New text has been added, new typos can be spotted (a few, not all, listed here and please proof-read multiple times to ease the understanding):
- Semantic Web technologies focuses on -> ... focus on
- doesn’t -> no contractions
- Twitter example -> tweet
- differentiate/identify -> differentiate or identify?
- an CoNLL score -> .. a ... and generally be more precise in which metric is used, p/r/f1
- useful feature conjunctions -> conjunction features (?)
- didn’t -> did not (generally, avoid negative sentences)

Review #3
Anonymous submitted on 20/Sep/2016
Suggestion:
Accept
Review Comment:

In this revised manuscript, I am glad to see that two key weaknesses, namely, framing the contribution of the paper and details of the experimental evaluation (and comparisons to prior art), mentioned in my previous review are adequately handled.

Some minor issues:

- In section 6.2, now there are two types of comparisons to previous work: i) comparisons to [49] and [2] obtained by re-implementing the latter works, and ii) comparison to others, based on the “reported results” as shown in Table 11. However, these are presented in a rather mixed way. I recommend the authors to make this distinction more explicit by a clear discussion in text (e.g., Revising the sentence “Table 11 presents the comparison with the related works on UGC domain.” as ““Table 11 presents the comparison with the *other* related works on UGC domain *based on the reported results*.”) It might also be useful to reorganize the discussions/paragraphs in pages 13 and 14 accordingly.

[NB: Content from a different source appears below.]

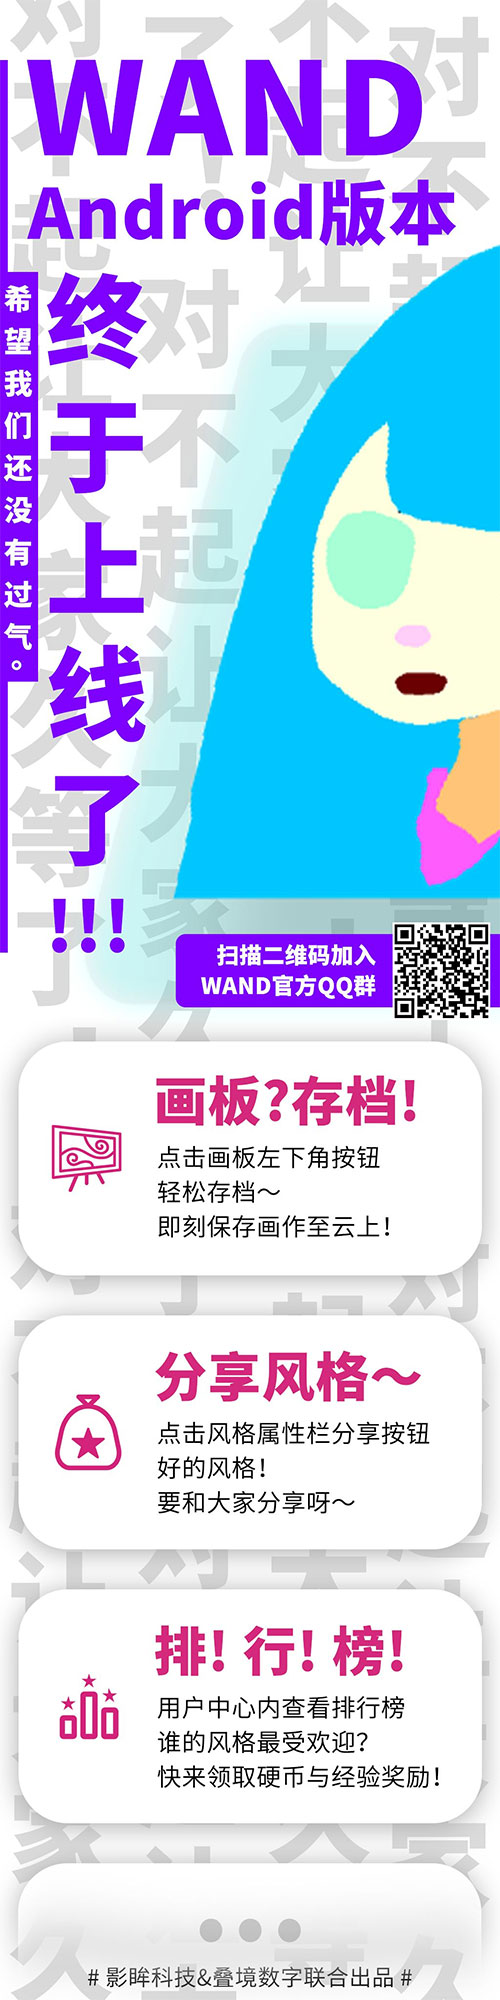 《WAND》12月30日安卓版本即将上线！

- In Table 11, whenever possible, please state *both* the training set and test set (as in Tables 8 – 10) to facilitate the comparisons.

- Whenever appropriate, I recommend the authors avoiding to use expressions like “[XX] introduce this” but rather prefer to say “Doe et al. introduce this” (especially in Section 3) for the sake of readability.

- Regarding the CRF template file, my humble opinion is to squeeze it into one or two pages (e.g., using a table-like multi-column format) and providing together with the paper (i.e., as an Appendix), to facilitate the reproducibility of the findings by future readers of the paper.